Он спал с раскрытым ртом, когда я собрал его вещи и уложил в чемодан, предварительно высыпав из карманов бумаги, значок, карандаш, зажигалку и деньги. Я погасил свет и вышел, стукаясь коленом о чемодан, раздумывая, где можно спрятать или сжечь одежду и где разыскать Штейна, чтобы, солгав ему своим молчанием, беззлобно позабавиться мыслями обо всем этом рядом с его весельем, его проницательностью, его грязной жадностью к волнениям жизни. Убедив себя, что необходимо не просто найти Штейна, а обнаружить его с первой же попытки, я из табачного магазина на углу гостиницы посоветовался по телефону с Мами, но потерпел неудачу.

— Его не было со вчерашнего дня, вы же Хулио знаете. Я беспокоюсь, ведь он болен, ему нельзя пить. Он нисколько не бережет себя. Непременно зайдите послушать меня, Браузен, — у меня до двадцати шансонов Сопротивления. Хулио почти наверняка будет в «Эмпайр», только не говорите ему, что это сказала вам я. Вы меня понимаете, Браузен. Напомните ему о моем существовании, убедите позвонить мне, но скройте, что говорили со мной. Хоть бы он не напился и эта женщина не обобрала его. Вы же знаете, Браузен, каков он с деньгами. Если его нет в «Эмпайр», поищите в этой забегаловке поменьше, в «Майпу», у площади Сен-Мартина. Я ничего. Сижу одна, предаюсь старческому слабоумию над планом Парижа, Хулио говорил вам. Спросите у него, давно ли он видел бедную старуху, и он позвонит мне. Приглядите за ним, он слишком добр, и все этим пользуются.

Я решил дойти до Коррьентес пешком и затем спуститься по ней к «Эмпайр», радуясь тяжести чемодана, взвешивая значение того, что могу оставить на каждом углу, в уборной кафе, у решетки подземки, стоит мне только нагнуться и разжать руку.
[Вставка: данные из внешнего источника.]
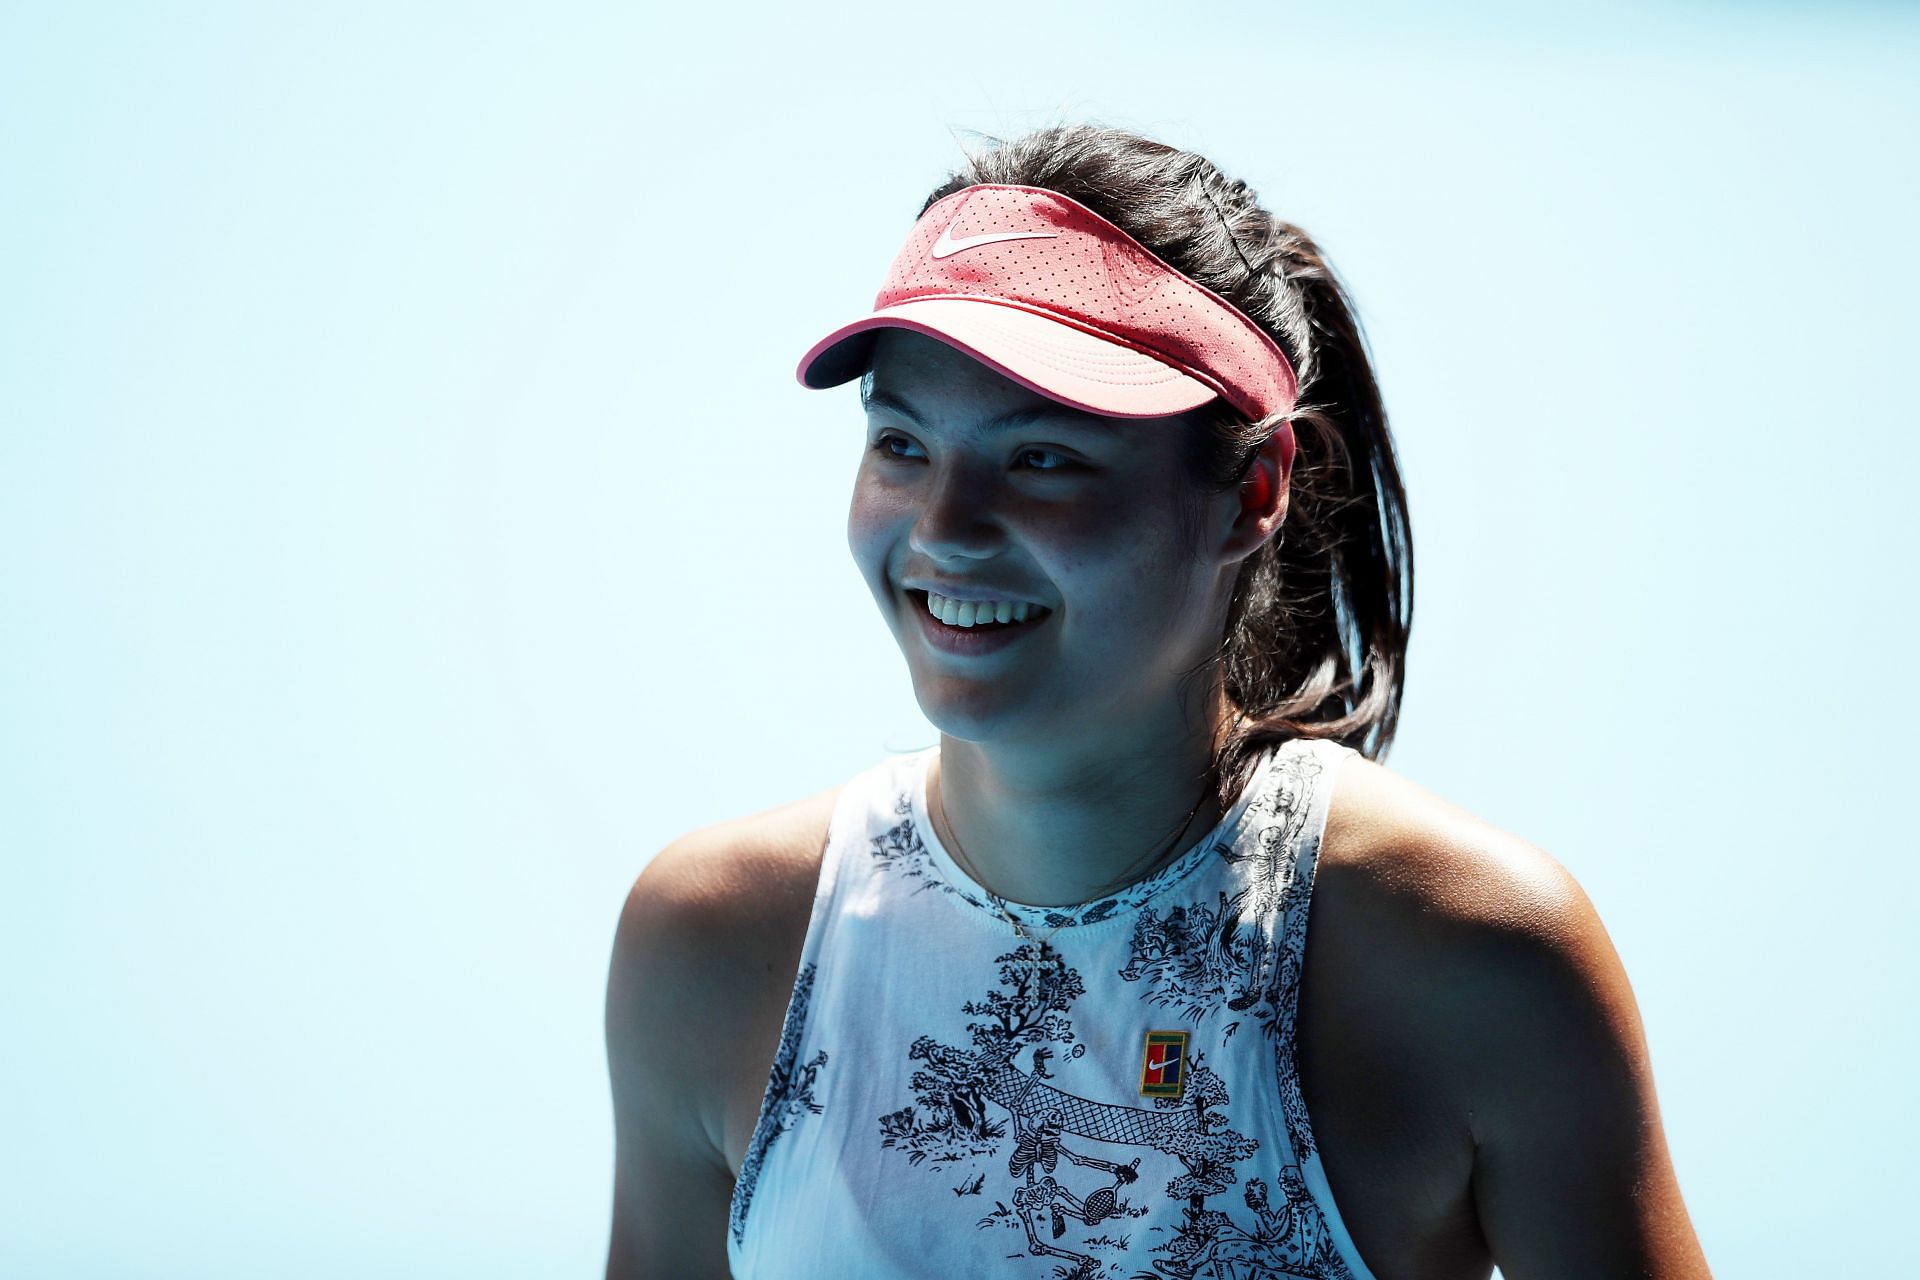 Emma Raducanu is set to start her 2022 season at the Sydney Tennis Classic.
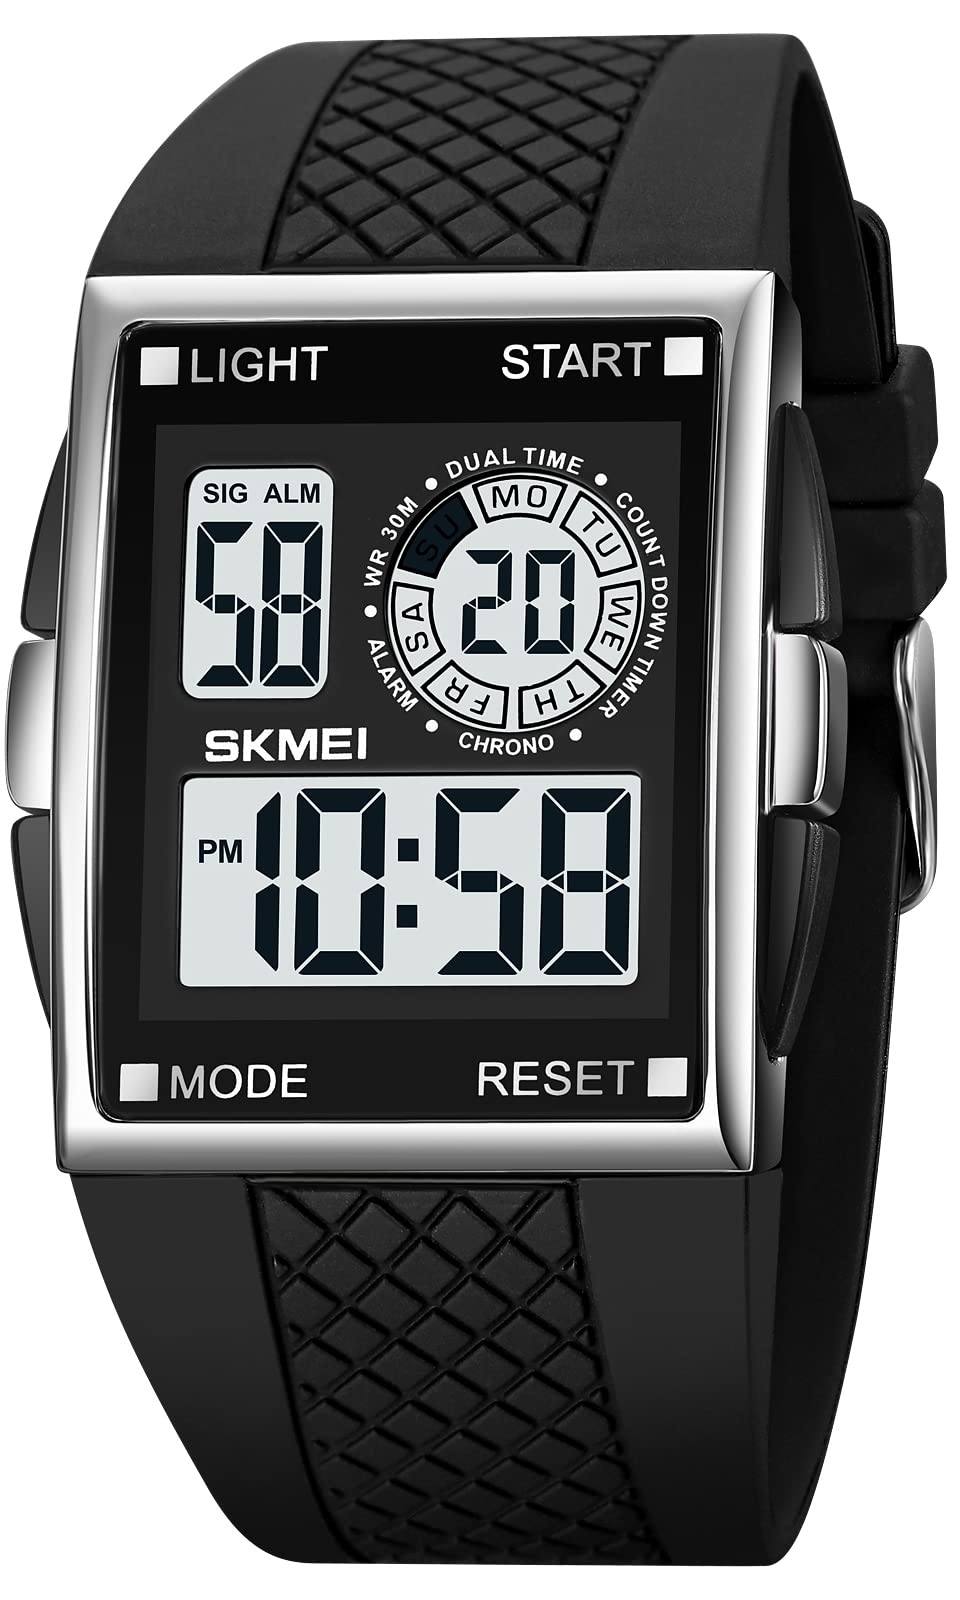 XCZAP Men's Luminous Square Digital Sports Watch Waterproof Countdown Multi-Function Watch

Неторопливо шагая в теплой ночи, я благосклонно озирал подробности, из которых она состояла, делавшие ее моей, предназначенной мне от начала вечности; улыбался афишам, вдыхал ленивый воздух, колеблемый автомобилями, взглядом приветствовал лица и развернутые газеты за окнами кафе, толпы, чуть шевелящиеся в вестибюлях кино, газетные и цветочные ларьки, солидные толстые пары, одиноких мужчин, женщин, спешивших к умеренному экстазу, беглому прикосновению к тайне, отрешенному вздоху, бренной материи, добываемой в рудниках субботней ночи.

Я прошел шаг за шагом всю Коррьентес, перекладывая чемодан в усталых руках, считая, что все хорошо, все соответствует заслугам, потребностям, тому, о чем могут мечтать люди, и пересек круг у обелиска с намерением воссоздать один вечер моей прошедшей юности, в который я буду утверждать в одиночестве или в обществе глухих, что периода совершенной жизни, быстротечных лет, когда счастье растет в нас и выплескивается наружу (когда мы, как безудержную траву, находим его во всех углах дома, на каждой уличной стене, под стаканом, который поднимаем, в платке, который разворачиваем, между страницами книг, в ботинках, в которые влезаем поутру, в безымянных глазах, которые мельком глядят на нас), дней, созданных по мерке нашей сути, можно достичь — иначе и быть не может, — если не противиться судьбе, слушать и выполнять ее указания, если презреть все, что достигается усилием, а не падает в руки чудом.